Key takeaway
Eli Lilly's jump to #1 on the CB Insights Pharma AI Readiness Index reflects a broader truth: the pharma companies winning the AI race are those treating AI as core R&D infrastructure, not as an innovation lab experiment.
Lilly jumped to #1, Merck to #2, Roche fell to 5th, while J&J, Novartis, and GSK dropped out of the Top 10. AI in pharma R&D shows huge potential but limited delivery so far.
What the index measures
The CB Insights Pharma AI Readiness Index ranks the top 20 global pharma companies across four dimensions: data infrastructure maturity, AI partnership breadth, internal AI talent density, and demonstrated AI-driven pipeline impact.
The index has become a leading indicator for investors and partners assessing which pharma companies are positioned for the AI-driven R&D paradigm.
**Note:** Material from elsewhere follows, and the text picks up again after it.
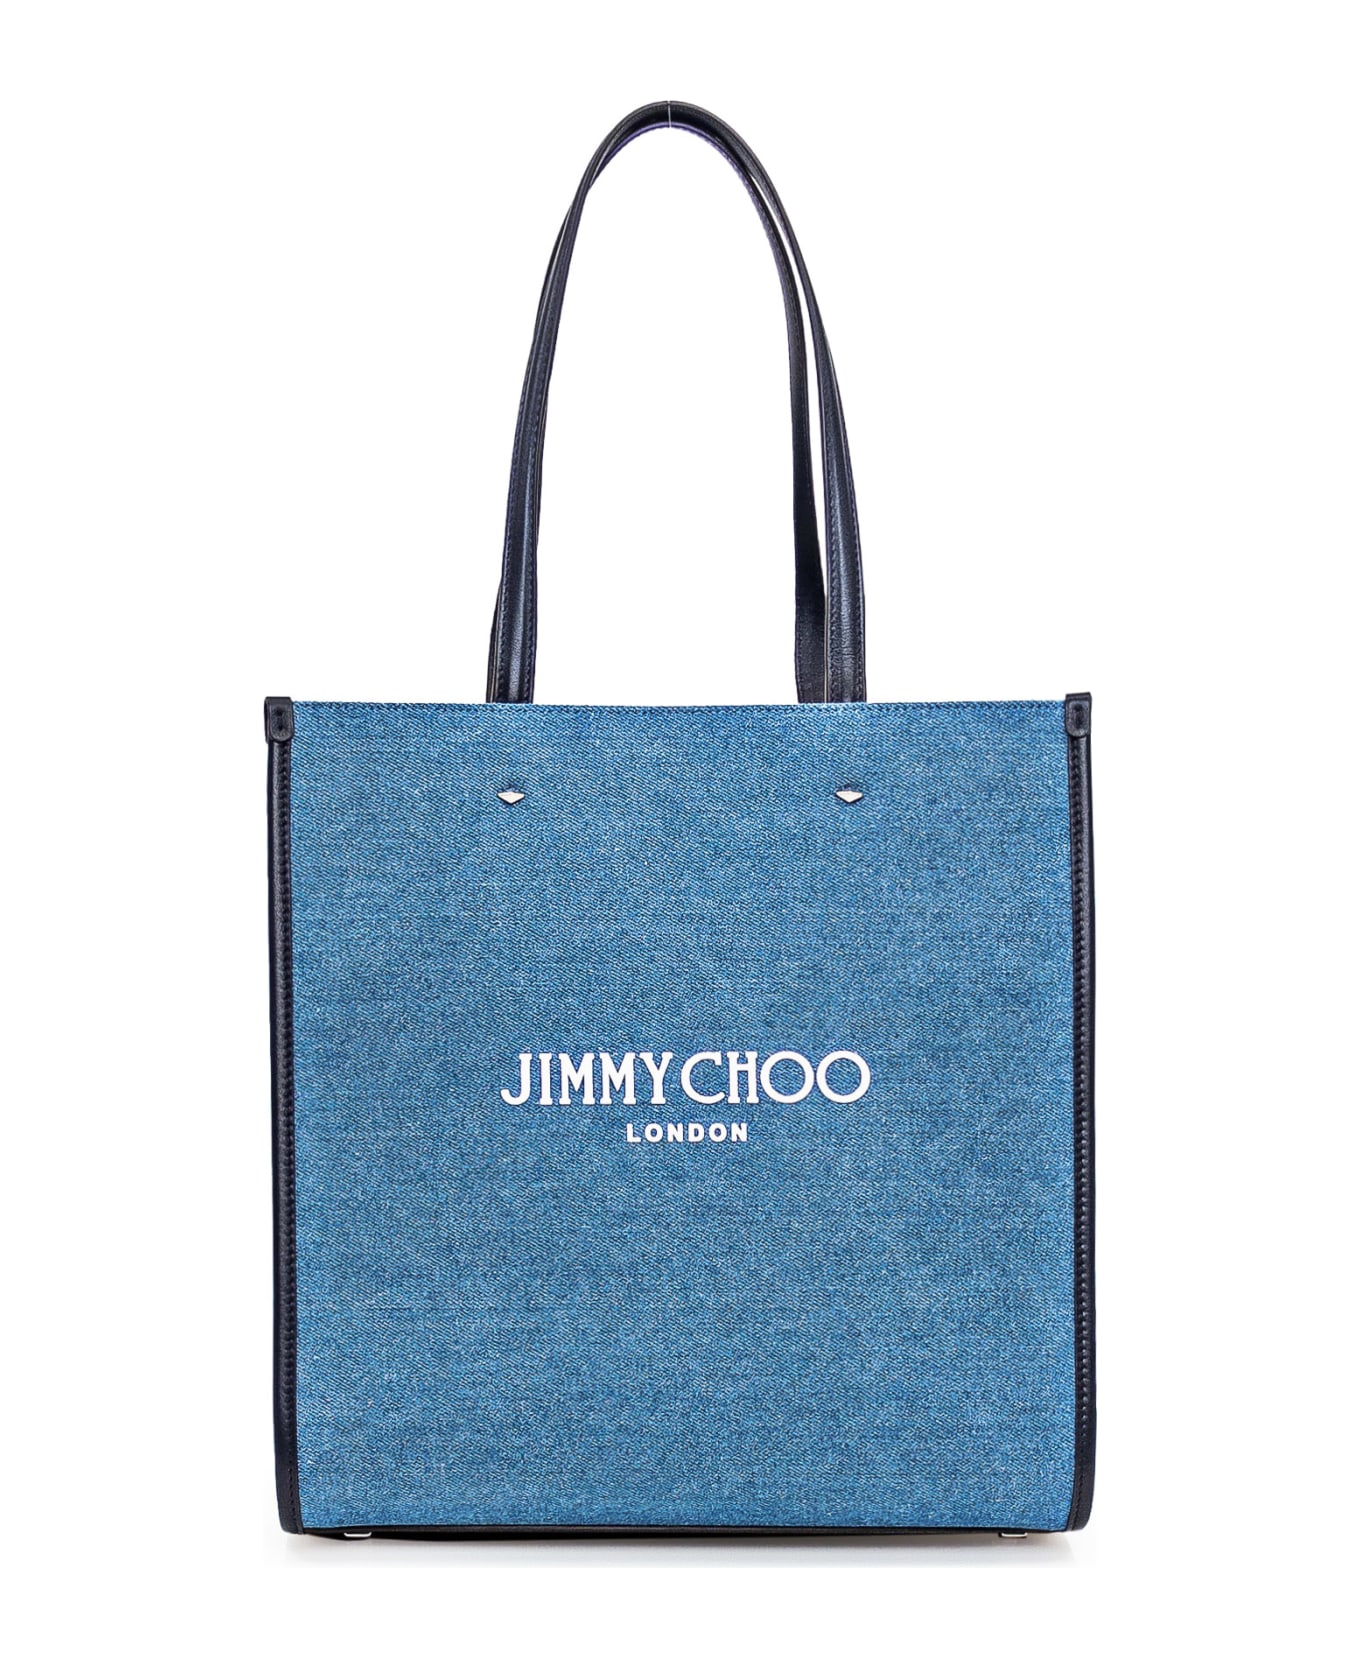 Jimmy Choo Tote Bag M - DENIM/NAVY/WHITE/SILVER

Key movers: Lilly rises, Roche falls
Eli Lilly rose to #1 driven by its proprietary real-world evidence platform (100M+ patient records), 14 active AI partnerships (including Recursion, Isomorphic Labs, Insilico Medicine), and 5 of 12 Phase I programs using AI-driven target identification.
Merck climbed to #2 with its Absci partnership for AI-designed antibodies and 400+ ML engineers.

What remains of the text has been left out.